O Velho Reino do Norte
O Velho Reino do Norte
Por: Mário Escócia
Capt. 1

304ª olimpíada

....os suevos confirmam a paz consertada com a parte do povo da Galécia com a qual estavam em guerra.

O rei Hermenico acabrunhado pela doença, entrega o poder real a seu filho Réquila…

                                                                                                          Crónica de Idácio

Saturnring,  438 d.c.

A geada dos montes Hermínios para norte era trazida em violentas rajadas de vento que encolhia mais a sentinela na sua guarita. Sorri perante o encolher de Camalo e detenho-me a olhar a longínqua neve mergulhada na escuridão, aconchegando a pele de raposa ao pescoço. O nebuloso branco fez-lhe recordar da travessia dos Pirinéus quando era criança e duma descida com os ovais escudos virados ao contrário deslizando serra abaixo e rindo à gargalhada com os primos. Velhos tempos esses… vagabundos por esse ocidente fora.

Miro a porta escura da torre tentando discernir que tipo de sombras eram aquelas que pulavam ao longo da muralha. Homens não eram, os homens não pulam assim! Pensou em ir dar algum alento a Camalo, sossegá-lo quanto às sombras.

Era um jovem, e para os luso-romanos as sombras são ninfas que lhe querem sugar o sangue enviadas pelo próprio demo que é o antagonista de Cristo: o carpinteiro crucificado que seguem. Para mim as sombras não passam de valquírias que deambulam pelos três mundos. A porta negra da torre é mais aconchegante do que ir fazer companhia a Camalo, depois da porta há hidromel e uma lareira quentinha. Decido-me a entrar, percorrendo com cuidado o escorregadio e pedregoso passadiço cheio de gelo que resvala. Demoro uma eternidade a percorrer o caminho debatendo-me com a pesada capa castanha de fazenda grosseira que me esvoaçava e me tapava o rosto. Por fim, abro a férrea porta. O que me custa imenso sem a habitual ajuda de dentro. A porta range de esforço… por fim, acho-me dentro e torno a arrastar a porta para fechar.

- Raios Frumário! Porque não me auxiliaste com a porta? – digo enervado, encarando Frumário que me mirava inerte e coçando a sua farta cabeleira negra.
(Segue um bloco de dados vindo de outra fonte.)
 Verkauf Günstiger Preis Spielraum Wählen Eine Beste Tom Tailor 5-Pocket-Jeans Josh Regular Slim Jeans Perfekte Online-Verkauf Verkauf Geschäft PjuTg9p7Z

- Tou preguiçoso… – responde-me.

- …O inverno põe-me indolente. – conclui, coçando na sua barba entrelaçada. Eu penso que Frumário, no tempo quente, também é indolente, mas guardei isso para mim. Dirijo-me ao alambique, retirando um recipiente de madeira debaixo da serpentina, o líquido amarelado ao fundo reflectia as tremelicantes luzes da lucerna e do archote. É suficiente para me aclarar a garganta. Sorvo-o todo, perante a passividade de Frumário. Está um tanto adocicado, mas não faz mal. Depois, detenho-me a olhar o preguiçoso, defronte da porta de braços caídos.

- Que raios estás a fazer?

- Nada.

- Nada? Porra! Vou dormir!

- Mas estais de turno de sentinela.

- Não se passa nada, está um frio de rachar lá fora e Camalo está na guarita, daqui a três horas vou substitui-lo… e depois eu sou o chefe da fortaleza e eu faço o que me apetecer. - dito isto traço a minha capa e procuro uma das redes que balançam presas entre as duas paredes de granito. Odoacro está numa delas, abro uma e meto-me a balançar, mirando Frumário ainda de pé. Passado pouco tempo o preguiçoso encosta-se à parede dormitando e eu, lentamente, entro em vigília.
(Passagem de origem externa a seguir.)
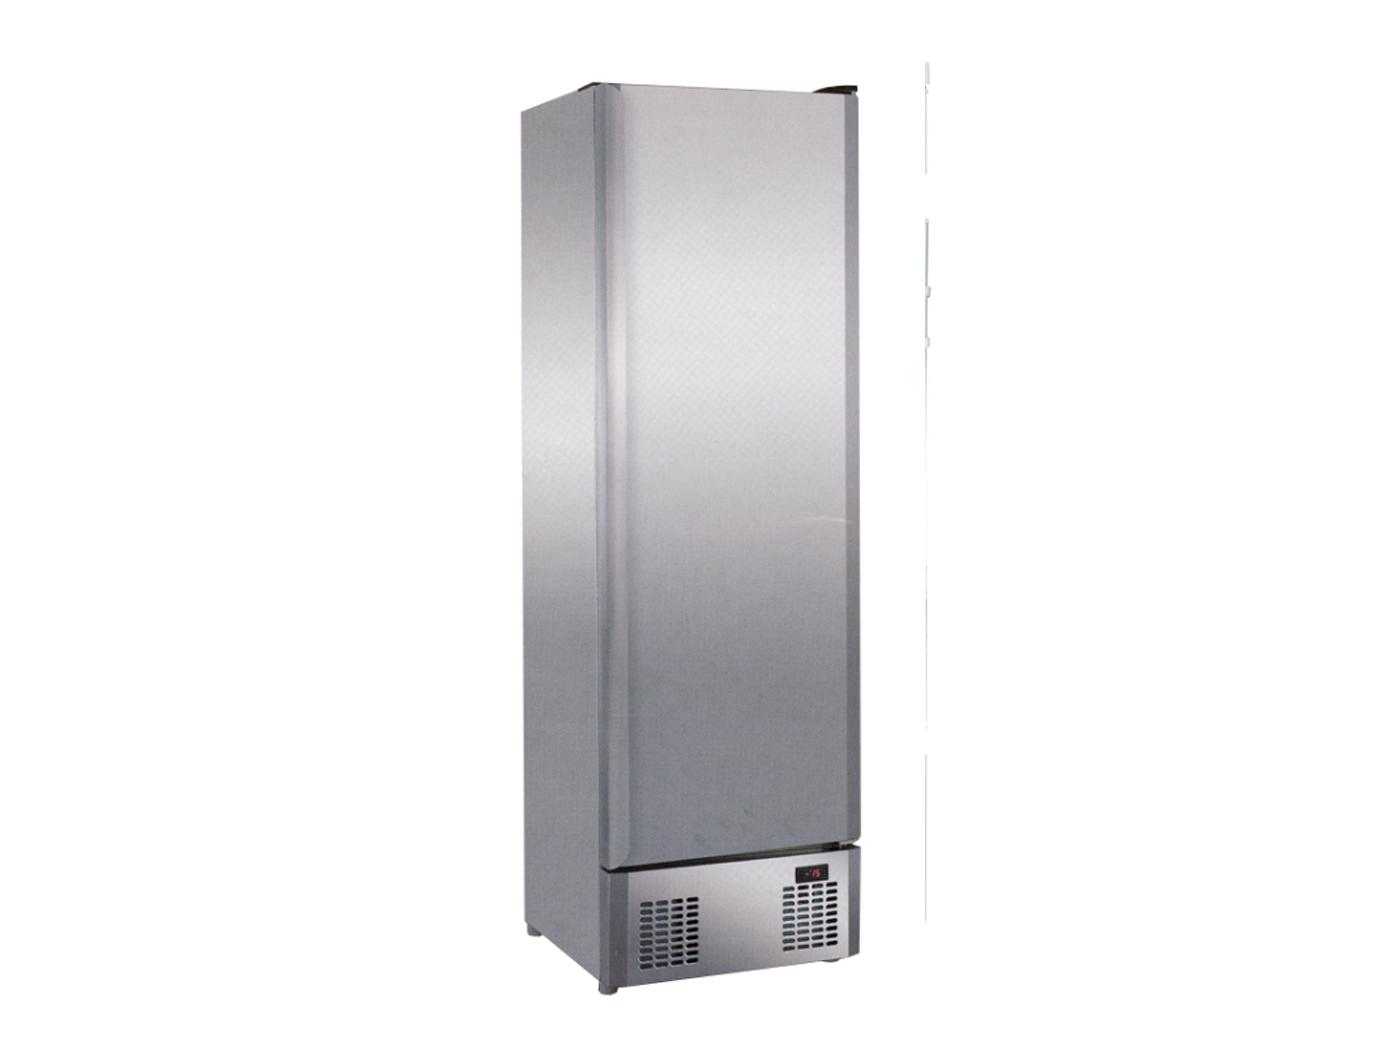 Kühlschrank Edelstahl : Gastro edelstahl kühlschrank ohne gefrierfach °c °c profi

Abria e fechava os olhos, repetindo as imagens dos archotes a arder. Estava no princípio anárquico do mundo, quando o gelo do norte se fundia com os ventos quentes do sul, Ymir dormia a sono alto e debaixo do seu braço esquerdo suado surgiram duas figuras a quererem respirar. Desperto violentamente alagado em suor procurando ar, tento reter o sonho para decifrá-lo com um runamal[1]. Comtemplo Odroaco e sua trança loira balançando de fora da rede. Odroaco tem o sono dos justos, não tem o sono alterado como o meu. Penso em levantar-me, mas está frio lá fora, tenho que me aguentar mais algum tempo aqui, remetendo-me ao silêncio na noite mais fria da Lusitânia. O tempo passou lento e vagaroso. Por momentos parecia que andava para trás, ia e vinha do mundo dos sonhos no dorso do cavalo branco dos presságios. Meu nome é Boringio, filho de Boringio e neto de Boringio. Sim, sou um primogénito, mas um primogénito deserdado. pai morreu sem deixar terra legada, creio que meus tios ficaram com a terra dele algures na nebulosa Gallaecia e não me deram cavaco, tenho um irmão algures, perdido na Bética que nem sei se é vivo ou morto, minha mãe faleceu há um ano e quis ser enterrada à maneira cristã. Depois da morte de meu pai  tornou-se serva de Cristo e desceu a Bracara Augusta onde, sob o arcebispado de Balcónio, entregou-se ao senhor entregando-me a meus tios que me mandaram para longe, ainda me lembro das exéquias de minha mãe, feitas por um jovem monge retirado da sua cela na montanha com seu manto branco ao vento, no alto do promontório extra-muros. Tudo parece tão distante… e as exéquias falavam da ressurreição da carne e da vinda do reino do senhor, ele, tal como Wotan entregou-se ao sacrifício num lenho de uma árvore. Toco no meu martelo de Donnar e lembro-me que hoje é dia de Frig[2] e eu ainda não lhe dediquei nenhuma oração, tão alheado dos Deuses ando.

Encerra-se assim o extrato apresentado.